(GOAL OF THE EXERCISE)
Transcribe the entries below exactly, starting with the line that has "2 x Red Nylon" and stopping after the line that has "Crochet Mitten Pattern Crochet"; no pictures belong in the copy.

(GIVEN DATA)
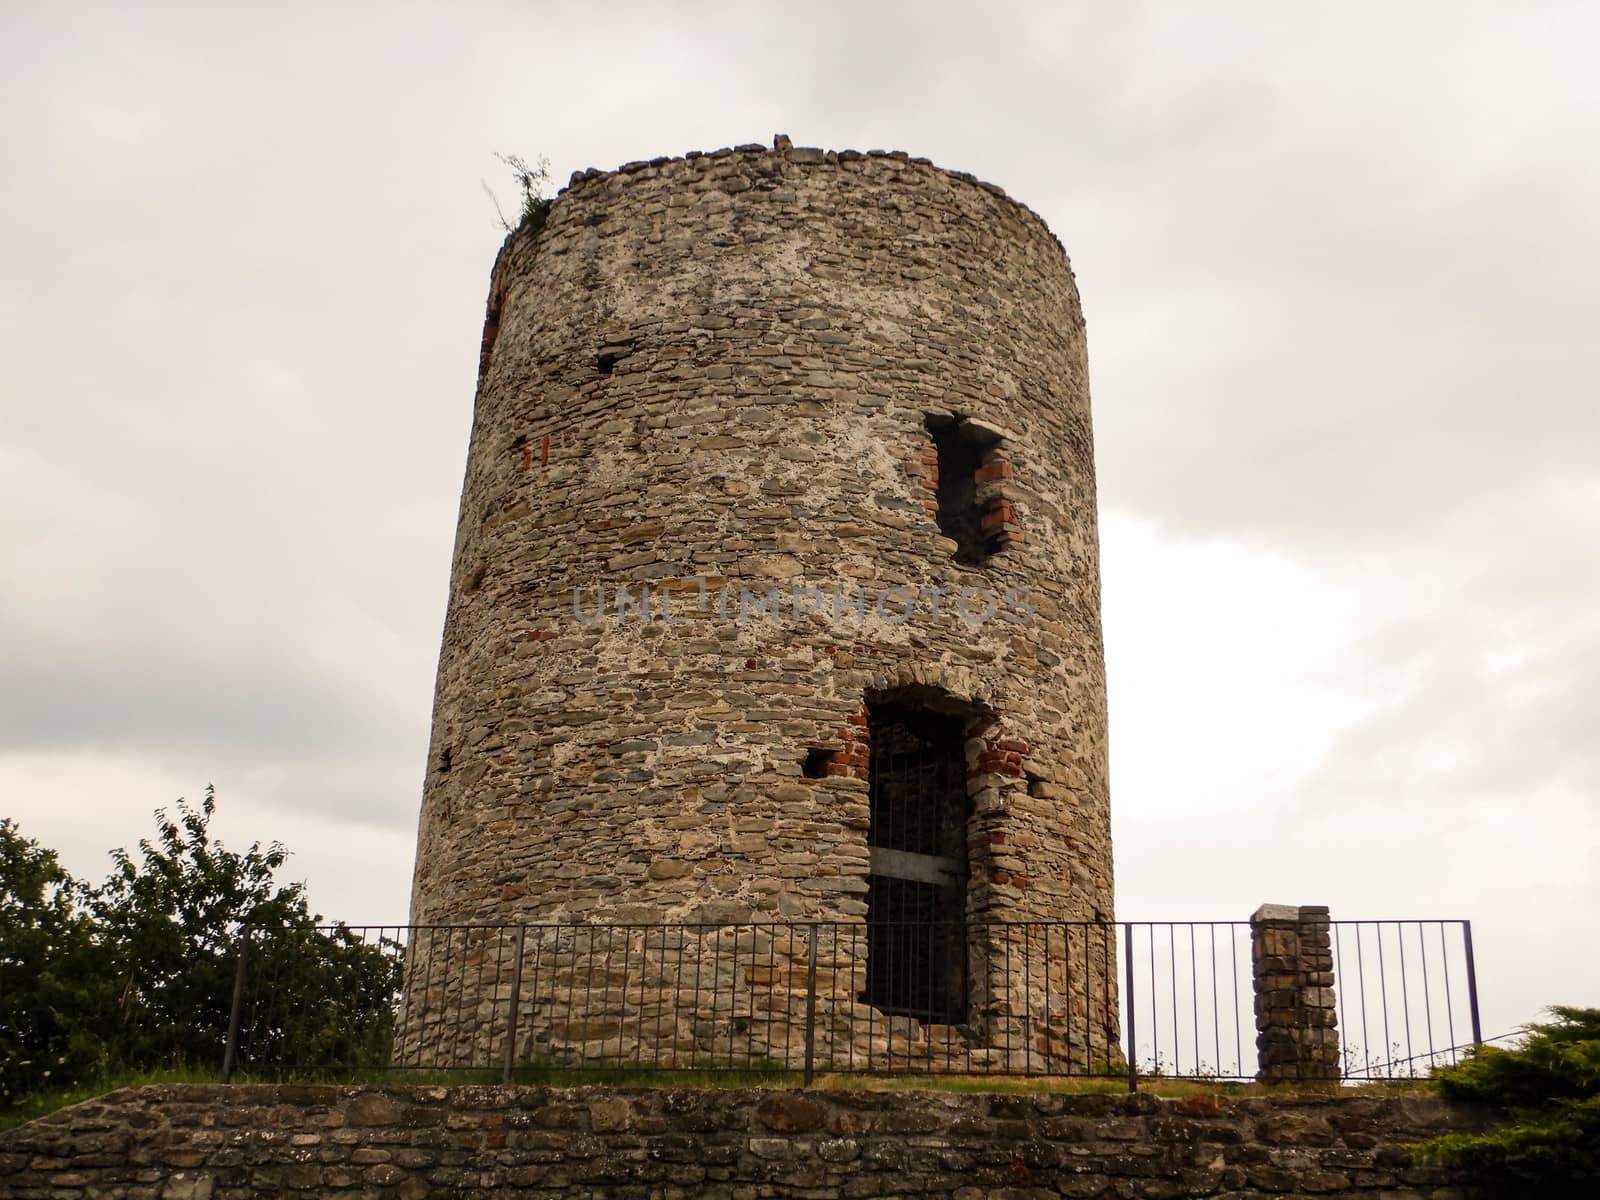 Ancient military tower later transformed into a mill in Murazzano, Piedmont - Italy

==

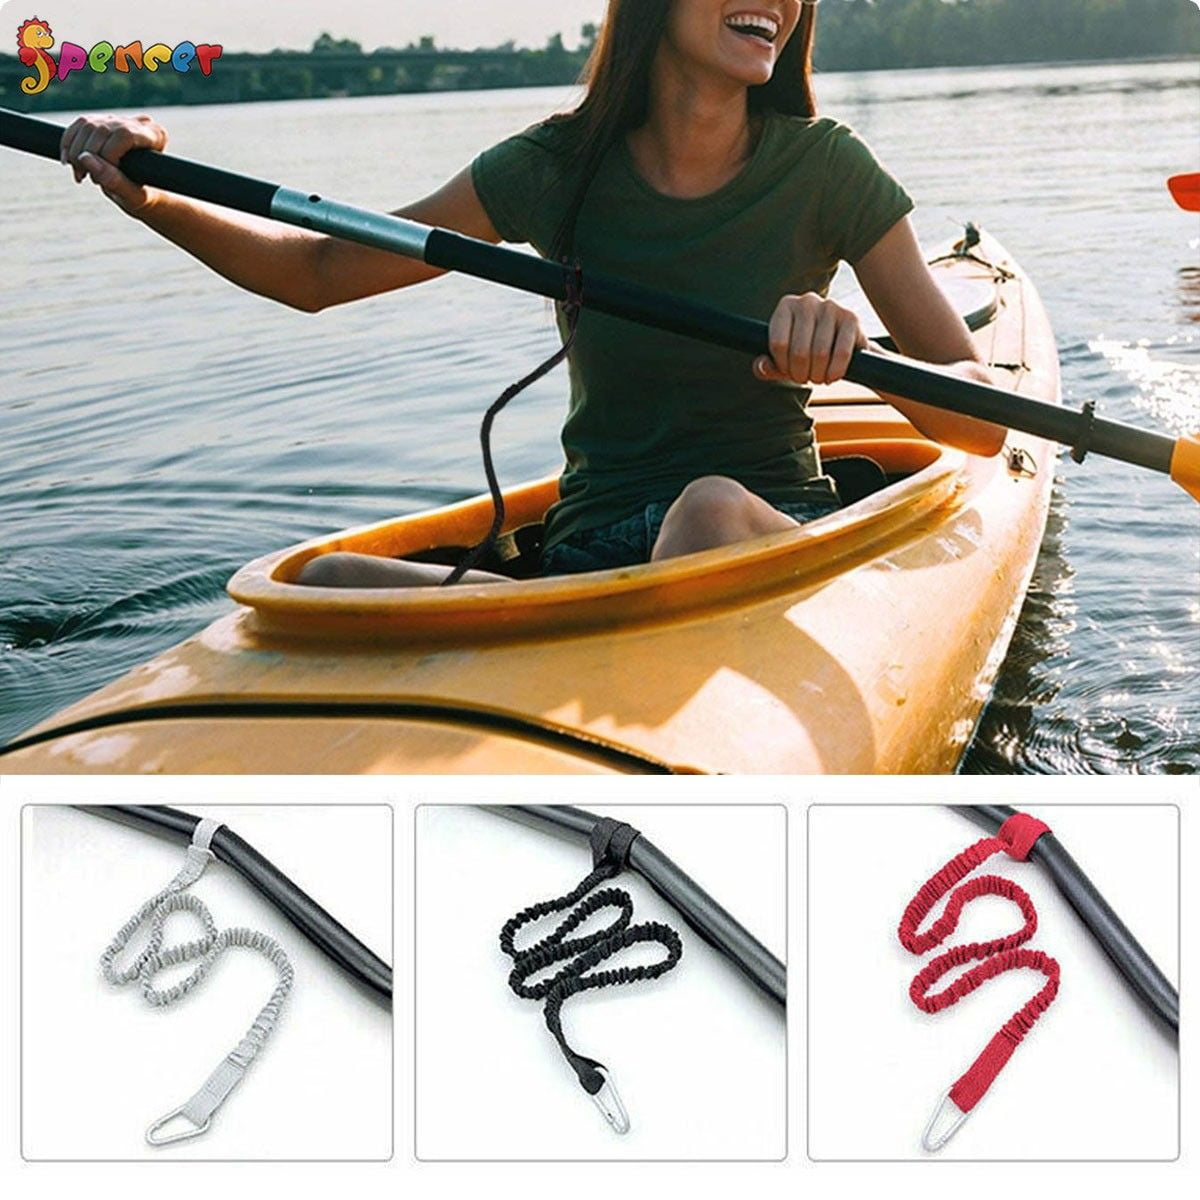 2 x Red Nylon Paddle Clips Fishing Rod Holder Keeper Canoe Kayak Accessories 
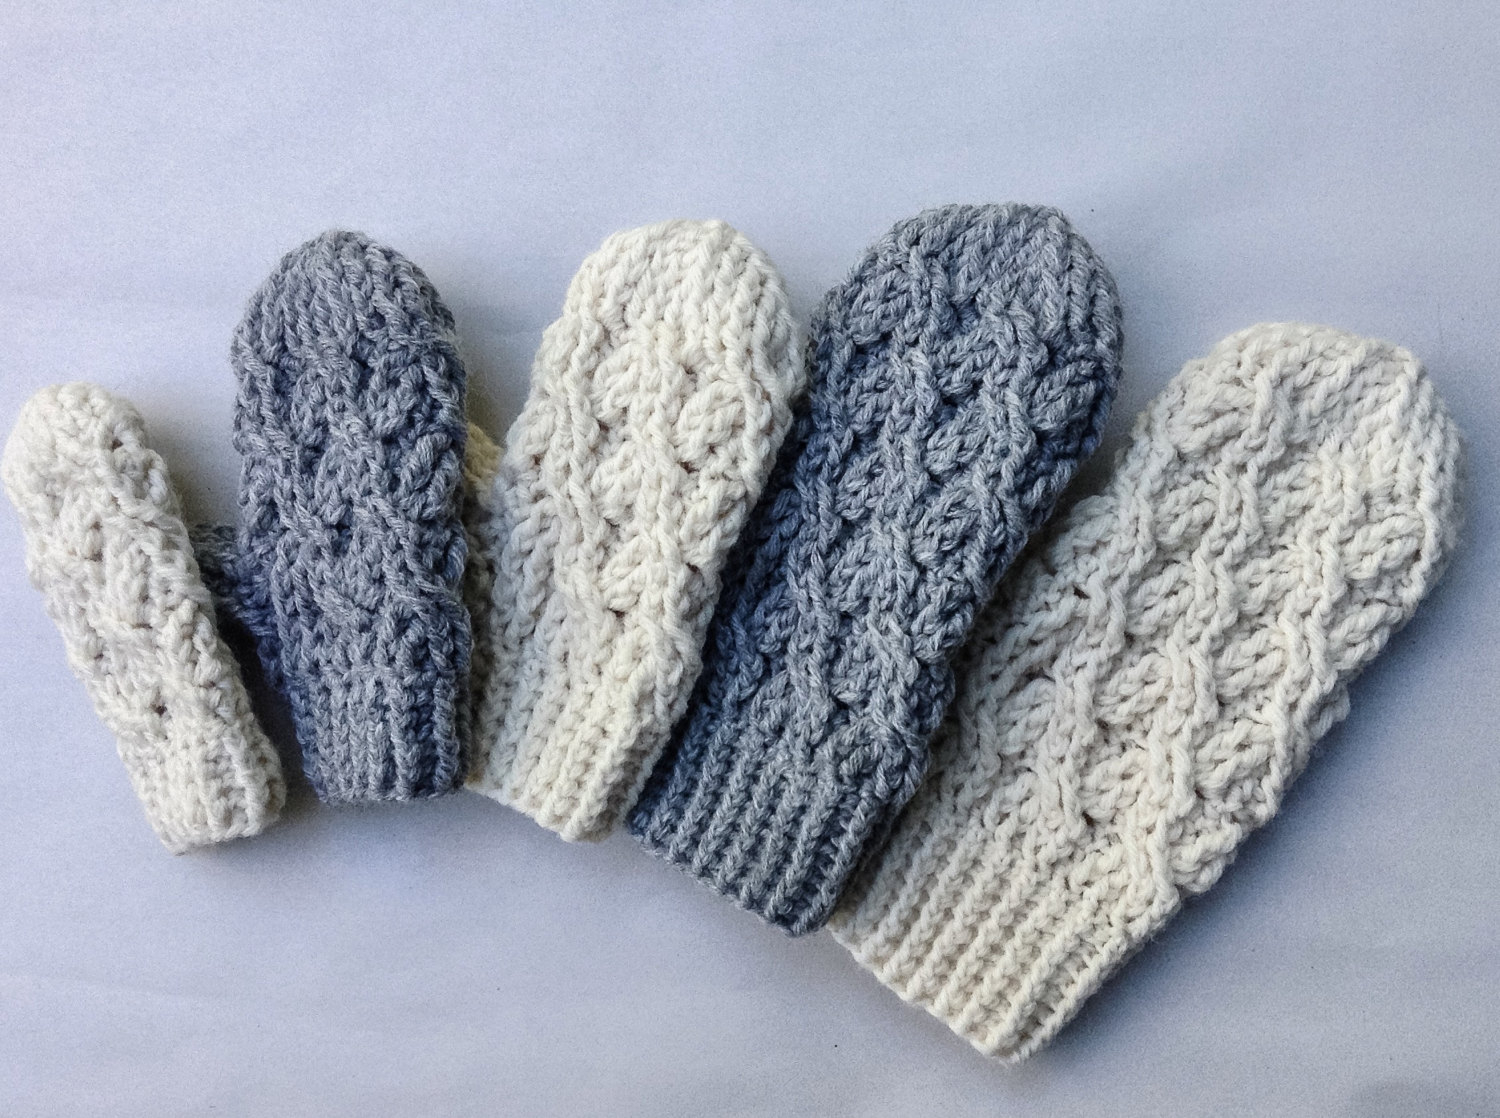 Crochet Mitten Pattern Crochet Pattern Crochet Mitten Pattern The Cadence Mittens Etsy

(ANSWER BOX)
 2 x Red Nylon Paddle Clips Fishing Rod Holder Keeper Canoe Kayak Accessories 
 Crochet Mitten Pattern Crochet Pattern Crochet Mitten Pattern The Cadence Mittens Etsy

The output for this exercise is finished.